5s on all AP exams - on hard courses: eg, calc bc, physics C, AP stats, etc.

Very strong standardized testing, think 1550+ sat, 35 ACT.

Mediocre extracurriculars.

Any chance for top 50?

What about top 20?
Anonymous
Unweighted GPA?
Anonymous
You’re competing against people who have As in all their courses and high test scores, so top 20 schools will be hard admits. As in easier courses is not a good look. It signals laziness.
Anonymous
Hard to say without context.

Ranking/gpa compared to peers
How many Bs and in what classes and what years
What easy classes is student picking over more rigorous ones
Anonymous
Have to evaluate in the context of the school. Totally depends on how many/percentage of the school go to T20, T10, etc. Nothing can be meaningful without context.
Anonymous
I know a kid who did terribly in the college process and the culprit seemed to be getting C's in gym. Yikes. I think it's a bad look.
Anonymous
Anonymous wrote:I know a kid who did terribly in the college process and the culprit seemed to be getting C's in gym. Yikes. I think it's a bad look.
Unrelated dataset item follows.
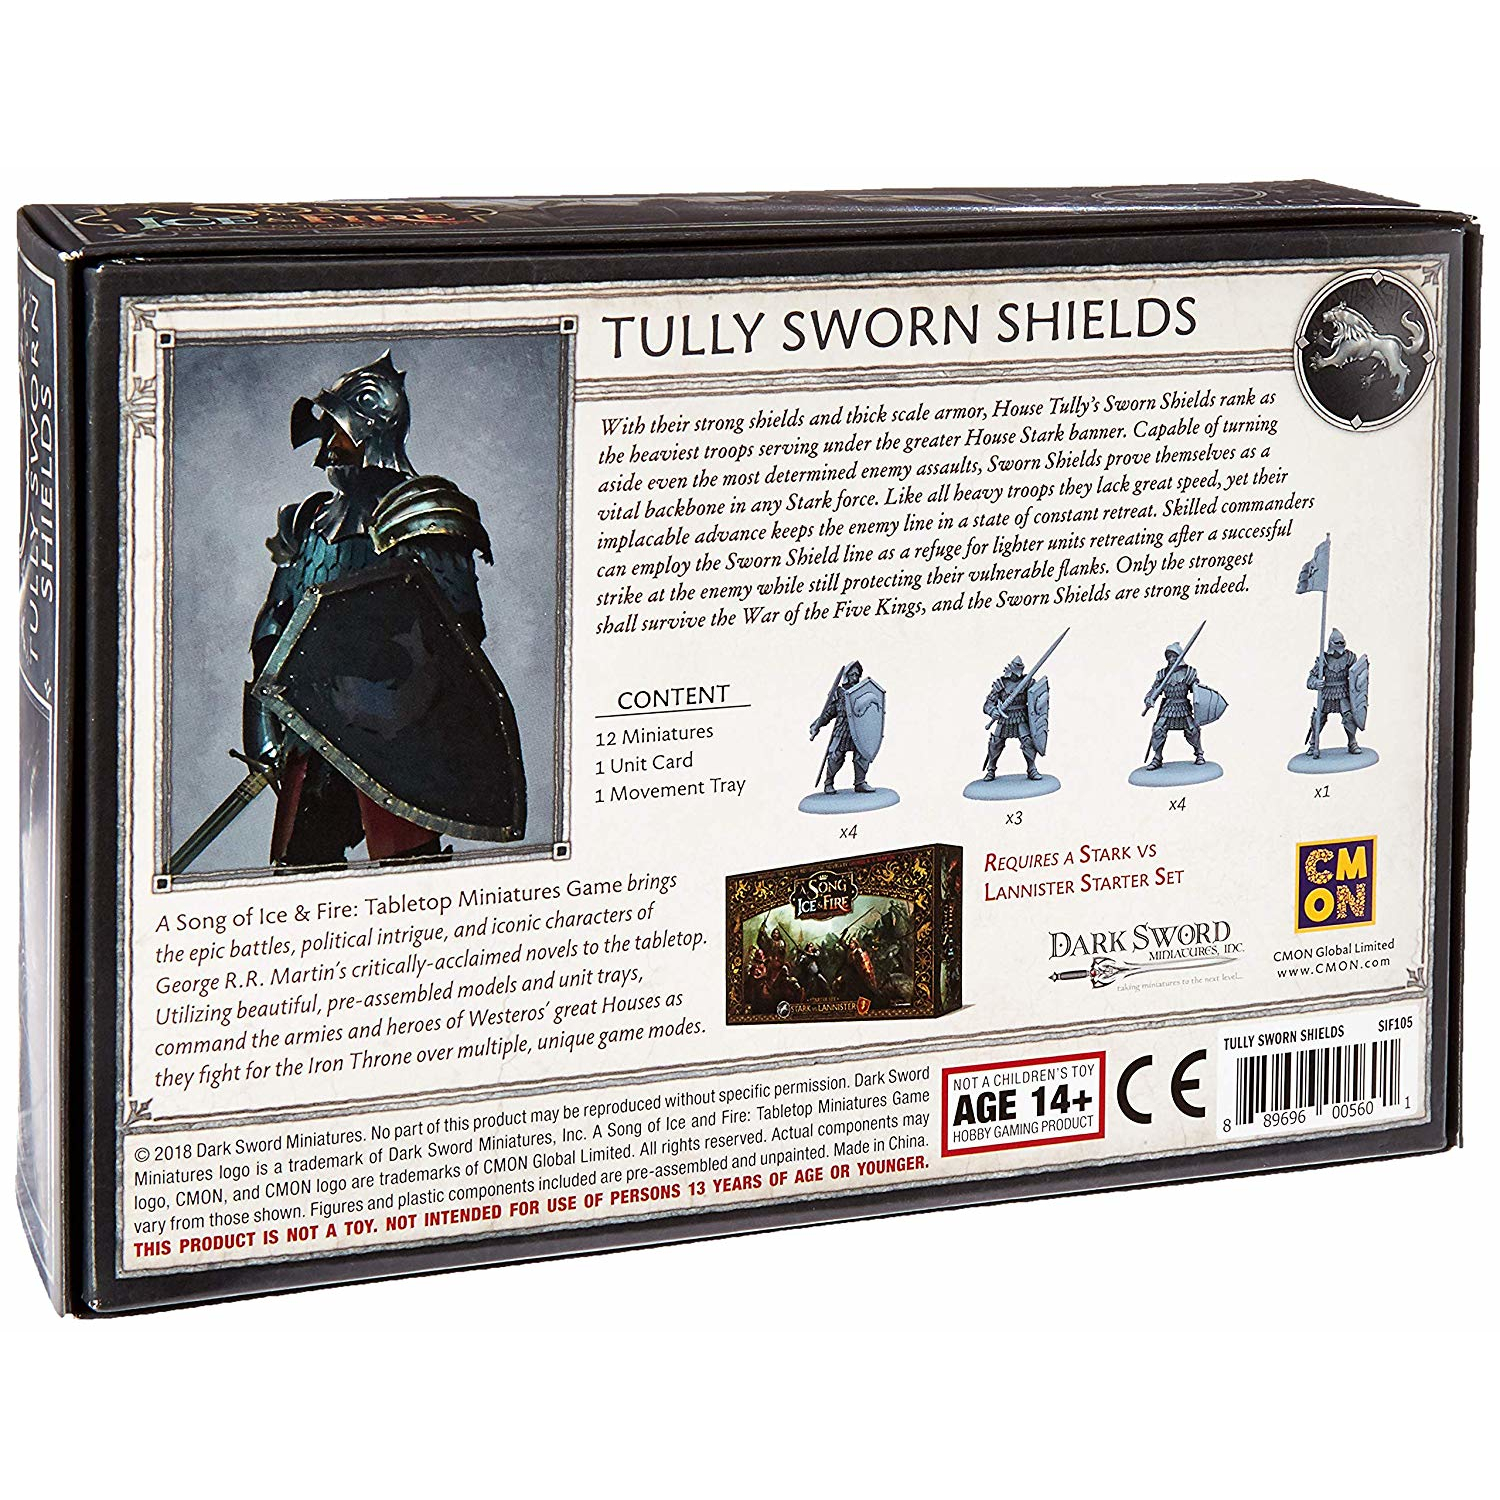 A Song of Ice & Fire: Tabletop Miniatures Game House Stark Tully Sworn Shields Unit Box, by CMON - image 2 of 6

You have absolutely zero way of knowing this. Zero.

Weirdo.
Anonymous
Anonymous wrote:I know a kid who did terribly in the college process and the culprit seemed to be getting C's in gym. Yikes. I think it's a bad look.


I doubt it
Anonymous
Anonymous wrote:I know a kid who did terribly in the college process and the culprit seemed to be getting C's in gym. Yikes. I think it's a bad look.
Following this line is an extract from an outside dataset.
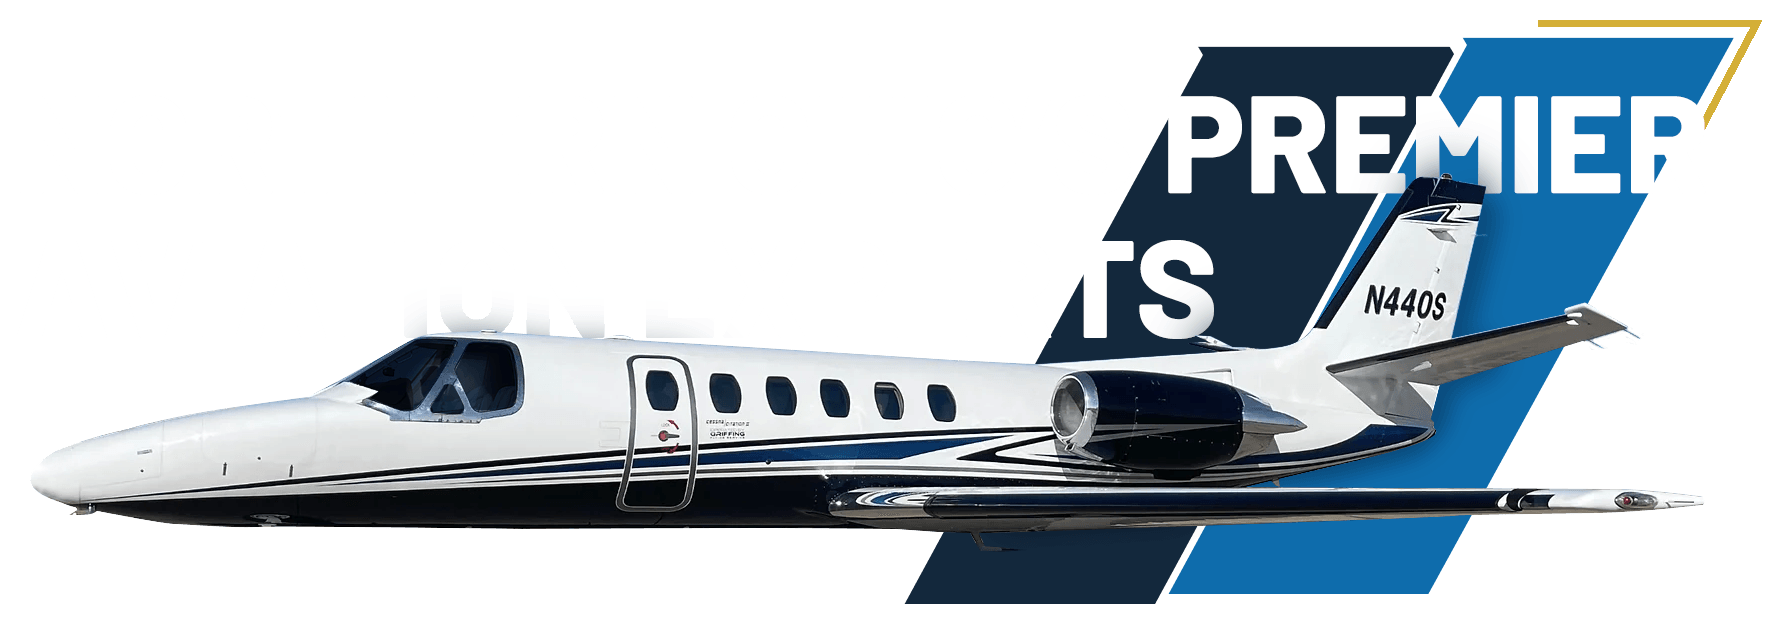 Northern Ohio's premier private plane/jet chartering service in Port Clinton, OH with daily service to Kelleys Island, Put-in-Bay/Middle Bass, Pelee Island, Canada

There were likely other reasons.
Anonymous
Anonymous wrote:You’re competing against people who have As in all their courses and high test scores, so top 20 schools will be hard admits. As in easier courses is not a good look. It signals laziness.


Did you mean Bs?
Anonymous
I was like this. I ended up going to a state school that didn't impress anyone, but it wasn't bad by any means, and I ended up getting into every one of the top grade programs in my field. At every single level of school and work, there's a resorting. I benefited from that after an unimpressive college admissions process.
Anonymous
Top 50 yes choose wisely and demonstrate interest.
Top 20? I mean anything can happen
Anonymous
Anonymous wrote:Top 50 yes choose wisely and demonstrate interest.
Top 20? I mean anything can happen


I think this strategy makes sense -- focus on 2-3 lower ranked schools in the T50, demonstrate a lot of interest (visits, carefully tailored essays, application in early if at all possible).
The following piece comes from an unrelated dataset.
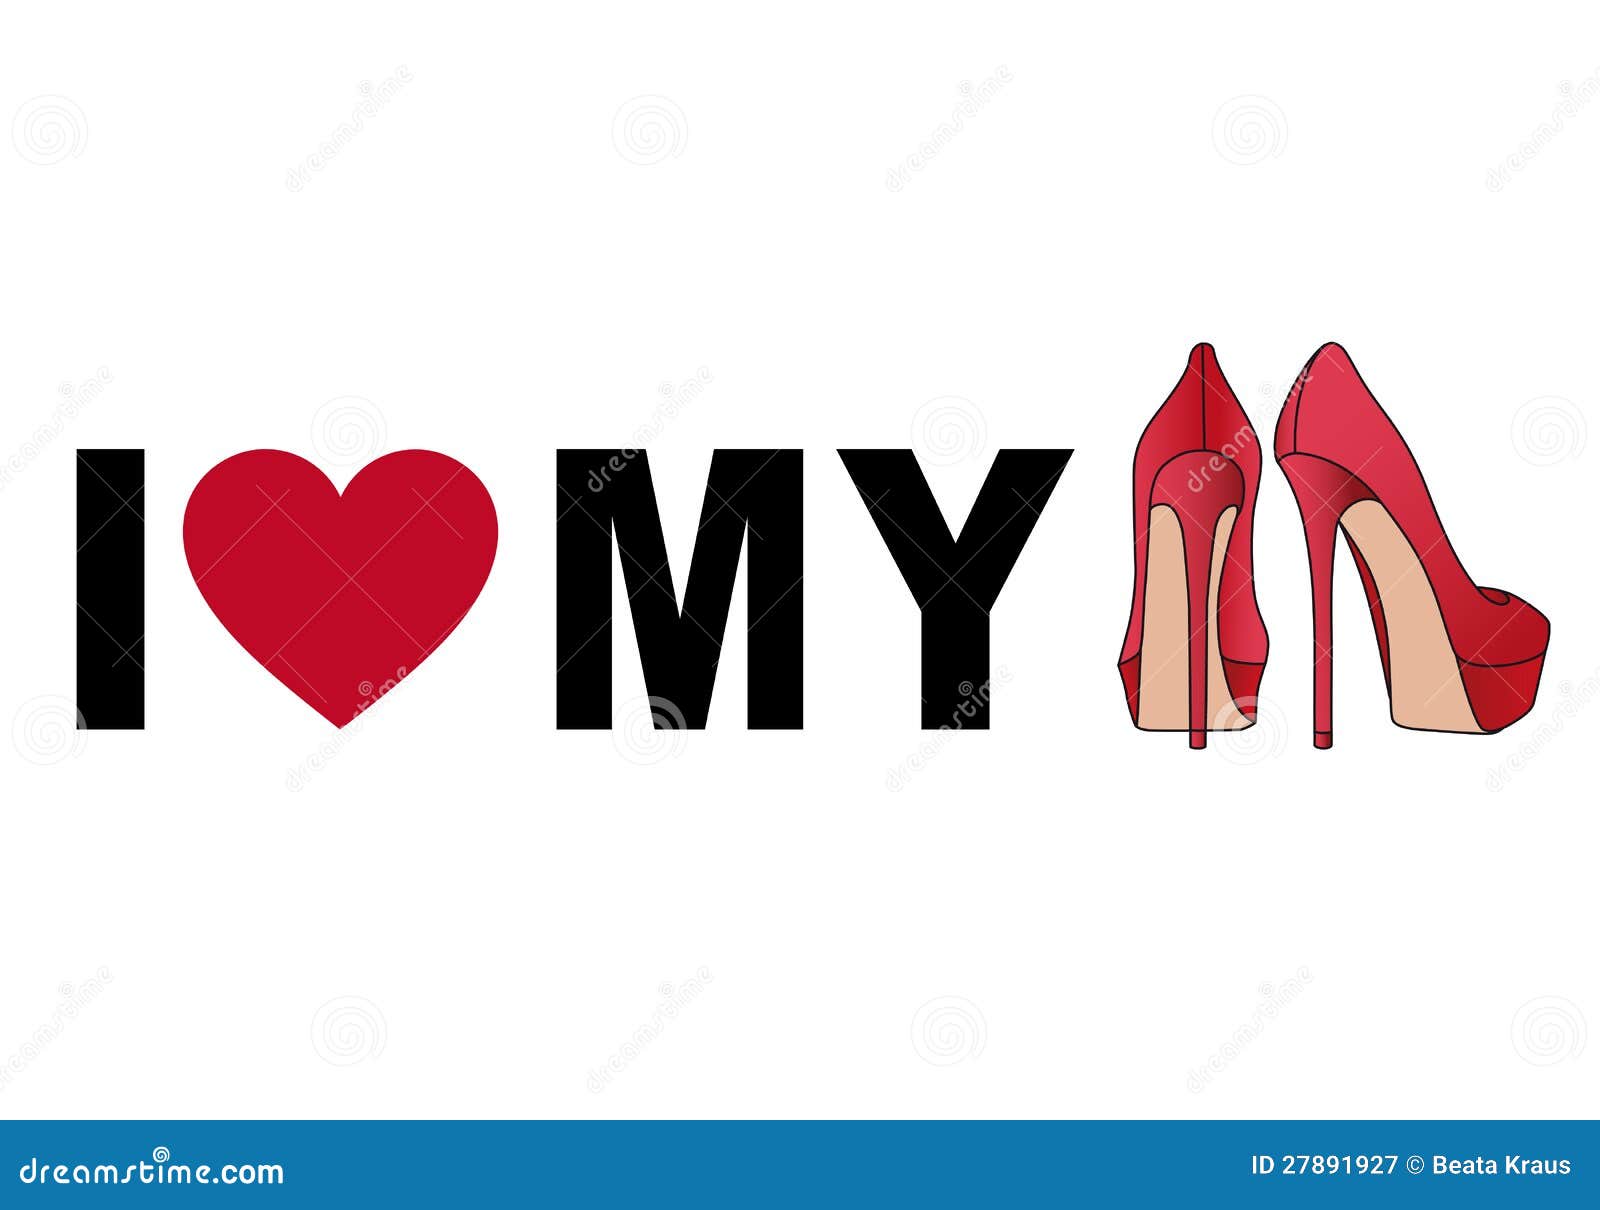 Love my shoes, vector stock vector. Illustration of passion - 27891927

I think T20 is pretty unlikely, so apply to 1 or 2 (max) but set expectations with your DC accordingly. There are a lot of kids with 1550+/ 4.0 UW GPAs in highest rigor courses who are shut out of the T20. Unless your kid has some hook you haven't mentioned. . . .
Anonymous
Anything is possible, but it'd need to be a killer essay.l, and the most amazing recommendation letters ever.

To me, it reads as ADHD - hard classes the kid is interested in, focused and determined; the stupid, easy classes they make you take (health, PE, etc), bored and don't care.
Anonymous
Do you think colleges will informally flag the application as ADHD?

Is there a relationship between known adhd and acceptance?